Al observar el contenido de ese doble fondo, la asombrada joven se llevó una soberana sorpresa. En una caja de cartón había 12 bolsitas de plástico, repletas de billetes y monedas de euro. Y a la derecha de ese 5º cajón, una manoseada gran libreta de alambre helicoidal, donde estaba anotada una contabilidad que, obviamente llevaba la abuela, por la dudosa caligrafía que siempre aplicaba en sus escritos. El listado de nombres anotado era extenso: Evaristo, Simeón, Manuela, Dorotea, Águeda, Felisa, Rosiña, Irineo, Josechu, Josefina, Román, Florián… junto a una fecha y la cantidad que recibía como préstamo, finalizando la línea con un garabato como firma, aunque algunos, sin duda profundo analfabetos, “firmaban” el pagaré con la yema de su dedo impregnado en tinta. En una de las esquinas del falso fondo, estaba un muy reseco tampón de tinta azul, usado para los más desventurados de la cultura y la destreza caligráfica.

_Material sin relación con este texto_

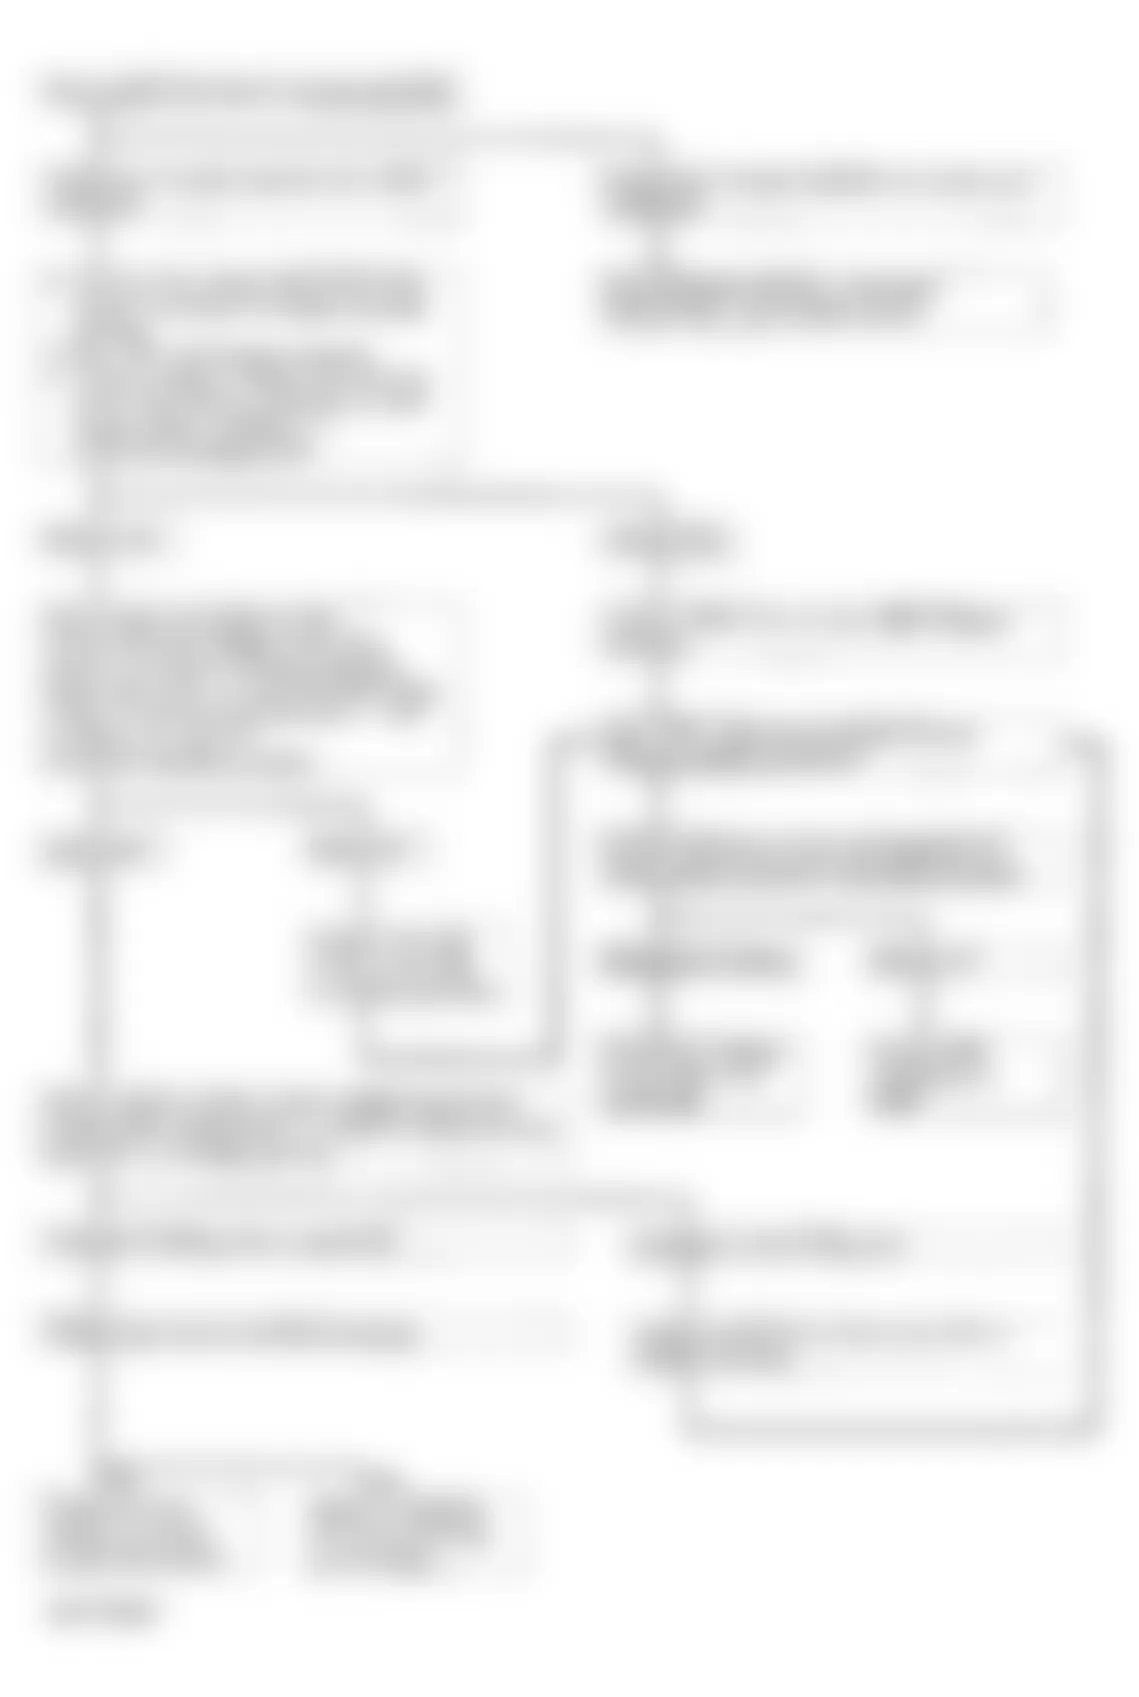 Honda Passport DX 1994 - Component Locations -  Code 61, 62 - Diagnostic Flowchart (2 Of 2)

Llamó por el móvil a sus padres y les contó el descubrimiento, en el que ninguno había reparado hasta el momento. Así que el fin de semana volvieron a Montilla, para dejar la vivienda lista para su entrega a los propietarios, con los que ya habían contactado y que no habían puesto objeción alguna para la finalización del contrato, ya que deseaban reformar y alquilar la vivienda a un precio mucho más rentable para ellos. Alfonsa contó el dinero en efectivo que tenía guardado su madre y sumó los débitos de los pagarés o deudas no resueltas. Estos débitos sumaban 8.300 euros y estaban muy repartidos, la mayoría con cantidades de 100, 150 euros. Comentaba con su marido la sorpresa que le había provocado la imagen de ¡la abuela prestamista! Acción que la anciana nunca les había comentado.

“Quién lo diría, en una persona tan pacífica, privativa, apacible, sin graves necesidades económicas, pero que, sin embargo, tal vez por distracción o por sentido social, “prestaba dinero, a las ganancias”. La verdad es que concedía plazos muy amplios, para la devolución, con un interés muy bajo que no superaba el 5%. Y si te has fijado, en muchos de los pagarés ya cubiertos, la devolución o el interés cobrado se sustanciaba en una gallina, un cesto de huevos, dos tarros de miel … ¡Vaya con la abuela Lorenza!” en palabras de Claudio.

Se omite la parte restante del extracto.